In recent decades the conventional narrative of global population has been one of continued growth and the stresses that this will place on the planet’s resources. This narrative has been facilitated by consistent studies from the United Nations that predict that the world’s population will rise from its present 7.7 billion to 11.2 billion by 2100. However a new book by the Globe and Mail’s writer-at-large, John Ibbitson, and social researcher Darrell Bricker has questioned this narrative and the UN modeling that produced its global population boom forecasts. Instead, they argue, the world’s population will top out just before reaching 9 billion people, before beginning to decline.
The book — Empty Planet: The Shock of Global Population Decline — argues that the UN’s model for predicting birthrates is too conservative, focusing only on the traditional factors of fertility, mobility, and mortality. These are factors have worked well for forecasts in the past, but fail to account for current trends that are producing a significant decline in birth rates worldwide.
Bricker and Ibbitson argue that the UN is missing two current revolutions that are taking place across the world. The first is the rapid rise of urbanization, both in developed and developing countries. Life in urban areas is becoming increasingly advantageous and this phenomenon is exponential. The more people move to urban areas the more advantageous it is for others to do likewise. This has a considerable effect on population — in rural areas children are an important extra set of hands, but in urban areas children are more an extra mouth to feed, therefore reducing the incentive to have too many.

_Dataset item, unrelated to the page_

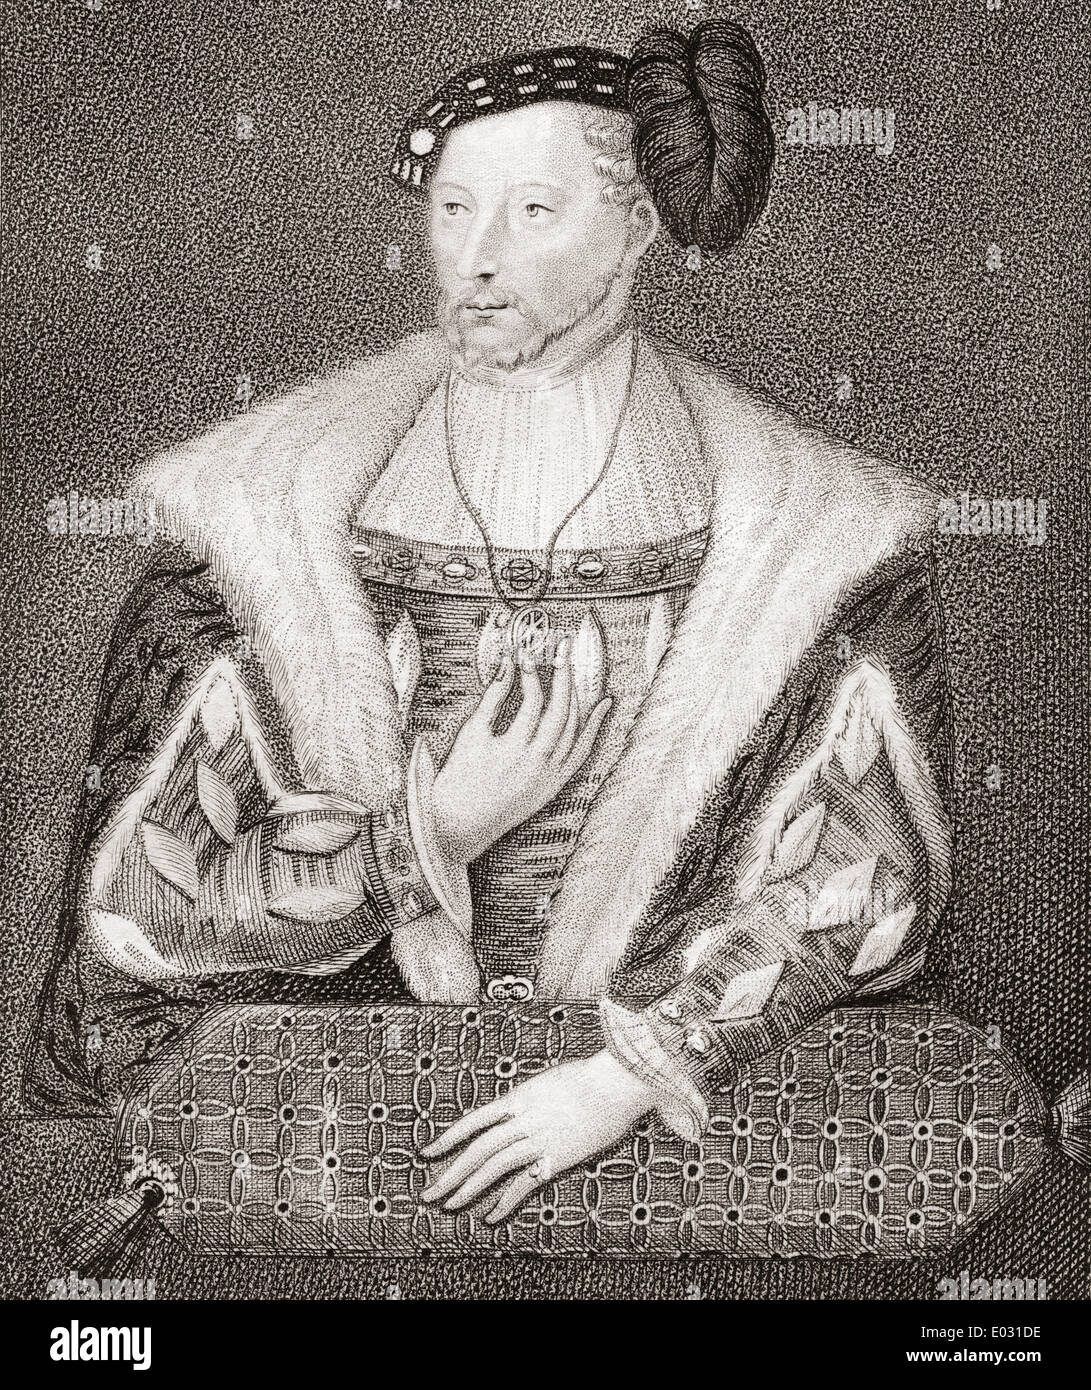 James V, King of Scots, 1512 – 1542. From Iconographia Scotica or Portraits of Illustrious Persons of Scotland, published 1797. Stock Photo

The other phenomenon (which is facilitated by the first) is the increase in female education and female social power. In the book, the authors note that everywhere they visited for their research — whether it was wealthy Western cities, poor rural areas, or urban slums in developing countries — when they asked women how many children they would prefer to have if given the choice, the response was overwhelmingly only one or two. And across the world the ability for women to make this choice for themselves is becoming a new (and long overdue) social norm. This phenomenon is not only driven by access to formal education, but the informal education derived from urban social networks and the now ubiquitous access to smartphones that provide insights and aspirations for women beyond their local environments.
Confirming the authors’ thesis, a report by medical journal The Lancet from November 2018 (a study published after their book was written) has demonstrated that there is now a significant decline in global birth rates. While the UN’s recent data for India states that it has a current birth rate of 2.4 children per woman, The Lancet puts India’s birth rate at 2.1. For a population the size of India that discrepancy is a considerable number of people (or lack thereof). India is now at the replacement level, and is joined there by other large countries such as Bangladesh, Iran, Brazil, and the Philippines. These countries are predicted to soon move to being below replacement level, which is where most of the developed countries in the West find themselves. Most significantly, this is also where China finds itself. The authors predict China could halve its population by the end of the century, becoming older and smaller before it reaches the wealth of the West, with considerable geopolitical ramifications.
If the analysis of the book proves correct, then this presents an enormous opportunity for an immigrant accepting country like Australia. With Europe turning inward, and the United States potentially doing the same, the number of countries that are actively seeking to enhance their numbers through immigration are actually very few. Rather than see its relative power decline in relation to more populous countries in its neighborhood as has been predicted, Australia should be able to enhance its current economic, defense, and cultural capabilities to either preserve its influence, or even considerably increase it — as long as it is able to maintain (or boost) its current levels of immigration, and generate public acceptance of its migration program.
Yet unlike a comparable country such as Canada, Australia doesn’t have a strong public narrative advocating and explaining the benefits of immigration. The political class simply enacted a policy of substantial rates of immigration and then sat back and hoped that the public would adjust on its own. Barring a few loud and boorish voices, this strategy (or lack of strategy) has worked extremely well. Australia is an incredible peaceful, prosperous, and cooperative country of great (and increasing) human diversity. But this feels like a positive result achieved via luck rather than by design.
However, a declining global population will undoubtedly make the maintenance of Australia’s immigration program the country’s primary strategic asset. Therefore, finding a way to counter the more agitated and insular narratives of other countries that seep into local debates may require the government to establish a more active policy of public education, although increasingly levels of distrust in governments will make this difficult.
One way to counter this distrust would be for governments at all levels in Australia to start taking urbanization seriously. Both the federal and state governments have been slow to internalize this megatrend, and as a result the country’s cities (and the individuals living within them) are currently unable to fully take advantage of their increasing populations, and the opportunities this should bring. Whether Australia has the foresight to facilitate, rather than impede, its urban growth will now be the true test of its overall national strategy, and the country’s ability to adapt to — and harness — the major phenomena that will reshape the global landscape.